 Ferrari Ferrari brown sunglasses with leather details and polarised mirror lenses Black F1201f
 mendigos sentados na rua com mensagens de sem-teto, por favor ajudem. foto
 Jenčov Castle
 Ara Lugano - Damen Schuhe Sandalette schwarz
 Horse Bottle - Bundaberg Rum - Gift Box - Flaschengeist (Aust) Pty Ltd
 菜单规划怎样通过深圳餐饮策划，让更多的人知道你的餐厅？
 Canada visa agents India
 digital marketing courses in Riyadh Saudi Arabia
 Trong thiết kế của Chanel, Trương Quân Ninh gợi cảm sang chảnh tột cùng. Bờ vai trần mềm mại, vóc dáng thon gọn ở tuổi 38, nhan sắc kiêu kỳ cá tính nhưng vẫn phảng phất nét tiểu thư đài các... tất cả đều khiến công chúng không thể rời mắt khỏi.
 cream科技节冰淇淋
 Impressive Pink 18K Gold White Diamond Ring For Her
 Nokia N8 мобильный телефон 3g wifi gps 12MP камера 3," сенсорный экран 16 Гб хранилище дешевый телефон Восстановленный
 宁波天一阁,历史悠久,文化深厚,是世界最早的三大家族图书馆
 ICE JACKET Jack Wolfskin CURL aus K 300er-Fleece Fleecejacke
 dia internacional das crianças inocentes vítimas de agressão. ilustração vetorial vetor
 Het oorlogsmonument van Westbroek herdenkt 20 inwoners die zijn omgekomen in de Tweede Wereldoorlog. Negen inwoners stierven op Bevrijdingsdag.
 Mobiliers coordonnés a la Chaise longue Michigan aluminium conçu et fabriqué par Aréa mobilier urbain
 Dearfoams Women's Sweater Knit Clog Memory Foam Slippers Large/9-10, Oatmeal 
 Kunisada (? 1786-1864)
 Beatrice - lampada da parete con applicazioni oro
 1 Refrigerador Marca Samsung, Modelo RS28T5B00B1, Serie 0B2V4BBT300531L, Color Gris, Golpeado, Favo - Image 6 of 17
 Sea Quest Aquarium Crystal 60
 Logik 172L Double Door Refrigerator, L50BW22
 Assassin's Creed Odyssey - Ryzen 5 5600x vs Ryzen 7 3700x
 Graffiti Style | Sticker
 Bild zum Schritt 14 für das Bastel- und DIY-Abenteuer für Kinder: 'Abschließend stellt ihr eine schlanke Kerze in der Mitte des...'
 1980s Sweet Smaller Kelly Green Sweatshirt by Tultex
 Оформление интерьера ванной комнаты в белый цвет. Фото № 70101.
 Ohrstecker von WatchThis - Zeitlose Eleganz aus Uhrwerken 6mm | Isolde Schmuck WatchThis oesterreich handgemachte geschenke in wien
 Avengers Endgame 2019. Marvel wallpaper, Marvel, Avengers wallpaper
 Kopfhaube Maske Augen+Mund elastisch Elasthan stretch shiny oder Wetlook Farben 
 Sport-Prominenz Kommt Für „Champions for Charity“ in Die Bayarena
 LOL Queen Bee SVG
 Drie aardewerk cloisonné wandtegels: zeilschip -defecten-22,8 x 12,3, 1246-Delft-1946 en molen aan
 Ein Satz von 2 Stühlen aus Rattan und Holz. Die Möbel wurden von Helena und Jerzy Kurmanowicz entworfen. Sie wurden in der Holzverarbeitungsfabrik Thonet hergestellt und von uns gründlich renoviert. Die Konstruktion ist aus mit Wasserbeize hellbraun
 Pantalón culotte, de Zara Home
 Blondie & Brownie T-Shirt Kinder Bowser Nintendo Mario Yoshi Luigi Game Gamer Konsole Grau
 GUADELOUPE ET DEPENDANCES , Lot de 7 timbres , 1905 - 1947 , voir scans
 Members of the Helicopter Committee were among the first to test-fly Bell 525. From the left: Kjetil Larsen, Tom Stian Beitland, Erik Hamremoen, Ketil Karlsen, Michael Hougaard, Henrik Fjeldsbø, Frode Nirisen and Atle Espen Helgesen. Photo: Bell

Activity
Your reply should contain every entry, repeated exactly.

Written answer
 Ferrari Ferrari brown sunglasses with leather details and polarised mirror lenses Black F1201f
 mendigos sentados na rua com mensagens de sem-teto, por favor ajudem. foto
 Jenčov Castle
 Ara Lugano - Damen Schuhe Sandalette schwarz
 Horse Bottle - Bundaberg Rum - Gift Box - Flaschengeist (Aust) Pty Ltd
 菜单规划怎样通过深圳餐饮策划，让更多的人知道你的餐厅？
 Canada visa agents India
 digital marketing courses in Riyadh Saudi Arabia
 Trong thiết kế của Chanel, Trương Quân Ninh gợi cảm sang chảnh tột cùng. Bờ vai trần mềm mại, vóc dáng thon gọn ở tuổi 38, nhan sắc kiêu kỳ cá tính nhưng vẫn phảng phất nét tiểu thư đài các... tất cả đều khiến công chúng không thể rời mắt khỏi.
 cream科技节冰淇淋
 Impressive Pink 18K Gold White Diamond Ring For Her
 Nokia N8 мобильный телефон 3g wifi gps 12MP камера 3," сенсорный экран 16 Гб хранилище дешевый телефон Восстановленный
 宁波天一阁,历史悠久,文化深厚,是世界最早的三大家族图书馆
 ICE JACKET Jack Wolfskin CURL aus K 300er-Fleece Fleecejacke
 dia internacional das crianças inocentes vítimas de agressão. ilustração vetorial vetor
 Het oorlogsmonument van Westbroek herdenkt 20 inwoners die zijn omgekomen in de Tweede Wereldoorlog. Negen inwoners stierven op Bevrijdingsdag.
 Mobiliers coordonnés a la Chaise longue Michigan aluminium conçu et fabriqué par Aréa mobilier urbain
 Dearfoams Women's Sweater Knit Clog Memory Foam Slippers Large/9-10, Oatmeal 
 Kunisada (? 1786-1864)
 Beatrice - lampada da parete con applicazioni oro
 1 Refrigerador Marca Samsung, Modelo RS28T5B00B1, Serie 0B2V4BBT300531L, Color Gris, Golpeado, Favo - Image 6 of 17
 Sea Quest Aquarium Crystal 60
 Logik 172L Double Door Refrigerator, L50BW22
 Assassin's Creed Odyssey - Ryzen 5 5600x vs Ryzen 7 3700x
 Graffiti Style | Sticker
 Bild zum Schritt 14 für das Bastel- und DIY-Abenteuer für Kinder: 'Abschließend stellt ihr eine schlanke Kerze in der Mitte des...'
 1980s Sweet Smaller Kelly Green Sweatshirt by Tultex
 Оформление интерьера ванной комнаты в белый цвет. Фото № 70101.
 Ohrstecker von WatchThis - Zeitlose Eleganz aus Uhrwerken 6mm | Isolde Schmuck WatchThis oesterreich handgemachte geschenke in wien
 Avengers Endgame 2019. Marvel wallpaper, Marvel, Avengers wallpaper
 Kopfhaube Maske Augen+Mund elastisch Elasthan stretch shiny oder Wetlook Farben 
 Sport-Prominenz Kommt Für „Champions for Charity“ in Die Bayarena
 LOL Queen Bee SVG
 Drie aardewerk cloisonné wandtegels: zeilschip -defecten-22,8 x 12,3, 1246-Delft-1946 en molen aan
 Ein Satz von 2 Stühlen aus Rattan und Holz. Die Möbel wurden von Helena und Jerzy Kurmanowicz entworfen. Sie wurden in der Holzverarbeitungsfabrik Thonet hergestellt und von uns gründlich renoviert. Die Konstruktion ist aus mit Wasserbeize hellbraun
 Pantalón culotte, de Zara Home
 Blondie & Brownie T-Shirt Kinder Bowser Nintendo Mario Yoshi Luigi Game Gamer Konsole Grau
 GUADELOUPE ET DEPENDANCES , Lot de 7 timbres , 1905 - 1947 , voir scans
 Members of the Helicopter Committee were among the first to test-fly Bell 525. From the left: Kjetil Larsen, Tom Stian Beitland, Erik Hamremoen, Ketil Karlsen, Michael Hougaard, Henrik Fjeldsbø, Frode Nirisen and Atle Espen Helgesen. Photo: Bell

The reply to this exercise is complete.